[Records drawn from a dataset]

────────────────

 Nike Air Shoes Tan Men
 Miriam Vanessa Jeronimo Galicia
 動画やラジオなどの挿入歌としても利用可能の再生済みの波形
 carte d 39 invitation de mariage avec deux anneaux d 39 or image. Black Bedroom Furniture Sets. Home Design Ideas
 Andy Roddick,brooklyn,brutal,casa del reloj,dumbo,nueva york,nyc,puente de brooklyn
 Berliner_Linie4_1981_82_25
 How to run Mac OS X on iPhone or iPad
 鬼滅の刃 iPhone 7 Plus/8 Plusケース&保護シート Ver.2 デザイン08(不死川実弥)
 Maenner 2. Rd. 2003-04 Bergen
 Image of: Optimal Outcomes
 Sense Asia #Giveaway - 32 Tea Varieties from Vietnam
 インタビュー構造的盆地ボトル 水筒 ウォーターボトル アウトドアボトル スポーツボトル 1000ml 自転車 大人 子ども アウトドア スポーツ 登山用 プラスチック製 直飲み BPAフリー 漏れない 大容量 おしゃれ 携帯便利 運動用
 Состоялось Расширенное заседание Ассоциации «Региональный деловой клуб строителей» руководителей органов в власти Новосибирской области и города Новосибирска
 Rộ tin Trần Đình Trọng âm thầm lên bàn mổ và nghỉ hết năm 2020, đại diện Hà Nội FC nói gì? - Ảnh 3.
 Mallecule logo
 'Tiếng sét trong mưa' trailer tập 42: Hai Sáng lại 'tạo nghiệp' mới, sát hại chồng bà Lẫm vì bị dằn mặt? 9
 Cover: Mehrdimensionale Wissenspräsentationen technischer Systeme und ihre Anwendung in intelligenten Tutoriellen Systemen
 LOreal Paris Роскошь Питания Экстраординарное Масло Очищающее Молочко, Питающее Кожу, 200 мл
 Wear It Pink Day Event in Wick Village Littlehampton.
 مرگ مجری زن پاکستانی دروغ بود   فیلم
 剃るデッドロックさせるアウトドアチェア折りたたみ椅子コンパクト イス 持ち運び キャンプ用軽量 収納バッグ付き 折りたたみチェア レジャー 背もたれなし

────────────────

- Work instruction
Print the lines above from the one with "Berliner_Linie4_1981_82_25" through the one with "Sense Asia #Giveaway", both included, exactly as written and nothing more.

- Result
 Berliner_Linie4_1981_82_25
 How to run Mac OS X on iPhone or iPad
 鬼滅の刃 iPhone 7 Plus/8 Plusケース&保護シート Ver.2 デザイン08(不死川実弥)
 Maenner 2. Rd. 2003-04 Bergen
 Image of: Optimal Outcomes
 Sense Asia #Giveaway - 32 Tea Varieties from Vietnam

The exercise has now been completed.